# Coca-cola Christmas Truck tour.



## cabby (May 14, 2005)

This is the route with stops to see the coca-cola truck.

https://www.happiness.coca-cola.com/uk/en/coca-cola/coca-cola-christmas-truck-tour-map-2015/


----------



## Pudsey_Bear (Sep 25, 2008)

You need to get out more mate > >


----------



## Mrplodd (Mar 4, 2008)

Something I will certainly be sure to avoid !!!

Andy


----------



## EJB (Aug 25, 2007)

Still....keeps the dentists in business!


----------



## mistycat (Jan 28, 2014)

That fat bloke in a red suit parked it up on the Maes last year, even drew the curtains went to bed and caused gridlock in town,
and he didn't even get a parking ticket,
glad he's not here this year,
:grin2::grin2:


----------



## paulmold (Apr 2, 2009)

Last year it visited Broughton Retail Park, just outside Chester. Traffic chaos ensued with many drivers stuck for hours in traffic jams around the area. It took some cars four hours to get out of the retail park. This year it's going into Chester City centre, next Thursday 3rd Dec and several roads in the city will be closed. Definitely a place to avoid.


----------



## cabby (May 14, 2005)

You lot are such a miserable lot of so and so's. the kids love it and Christmas is Children's time, one was born on Christmas day, in case you have forgotten.

cabby

*MERRY CHRISTMAS*


----------



## mistycat (Jan 28, 2014)

Is that what its about??
and there's me thinking it was all about spending money,
my grandkids love me,,,,,
Misty


----------



## aldra (Jul 2, 2009)

Absolute rubbish

Why should we love a coca cola wagon ?

No lets go for Christmas trees

Fairy lights

Coko cola

Don't think so

Aldra


----------



## cabby (May 14, 2005)

Blimey, you lot, I know it is an advertising gimmick, but at least they are trying to put a bit of festive spirit on, not just making adverts so that the masses can say whose advert is best, or that there are other firms putting on a display for free, I am discounting the local shops of course.
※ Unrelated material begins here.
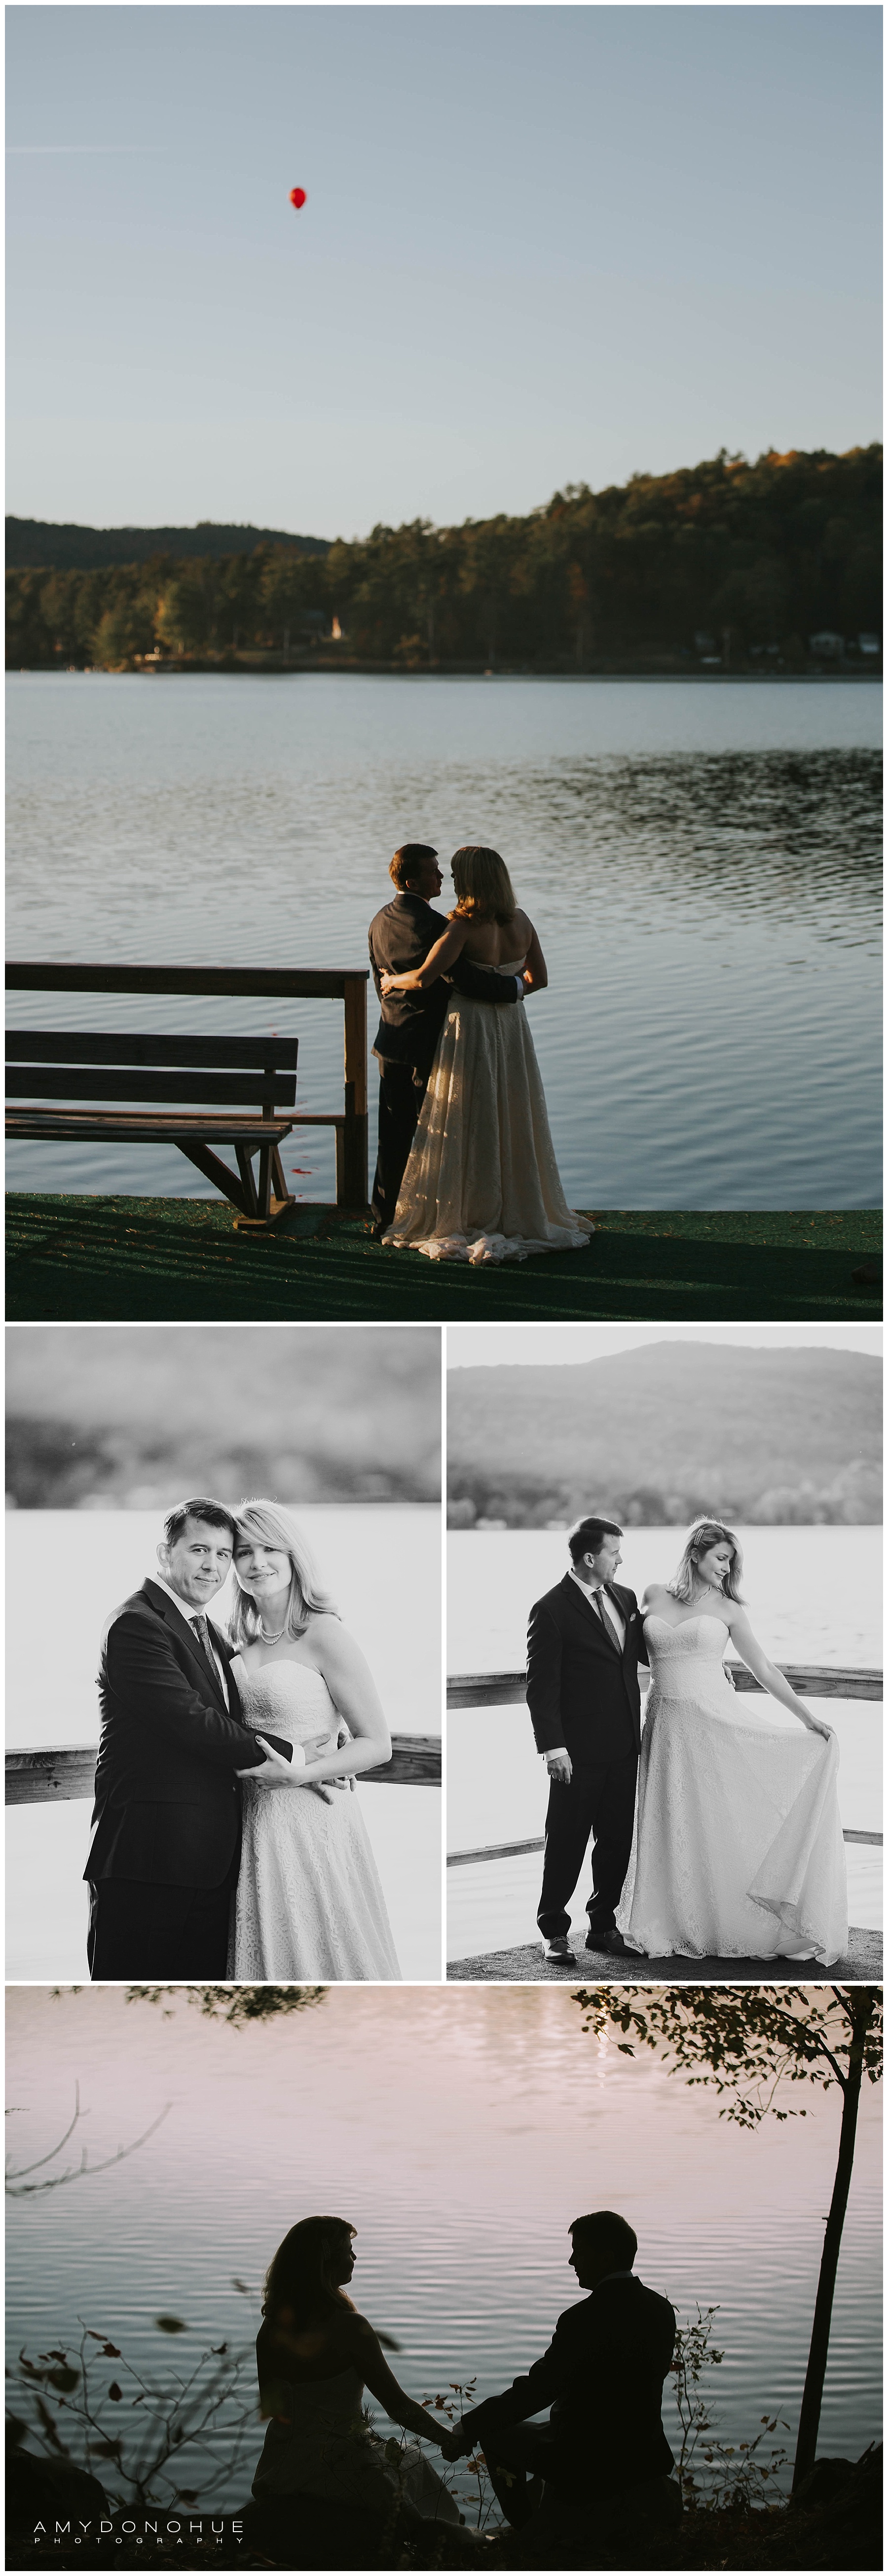 Bridal Portraits | Vermont Destination Photographer | © Amy Donohue Photography

Yes go and get ripped off for a lovely tree.If you paid less the difference could well buy a Christmas dinner for those the Salvation Army and others supply for those in need.

cabby


----------



## barryd (May 9, 2008)

Thanks Cabby. Ill take Mrs D to see it at Ripon. Should keep her quiet for an hour or two.


----------



## Blizzard (Sep 21, 2009)

I'm not a big fan of Coke, I think I'll wait for the arrival of the alternative....


----------



## 747 (Oct 2, 2009)

HOORAY.

I missed it. It was at the Gateshead Metrocentre today 12.00 - 20.00 hours. :laugh:

I thought the traffic was worse than usual today. :frown2:


----------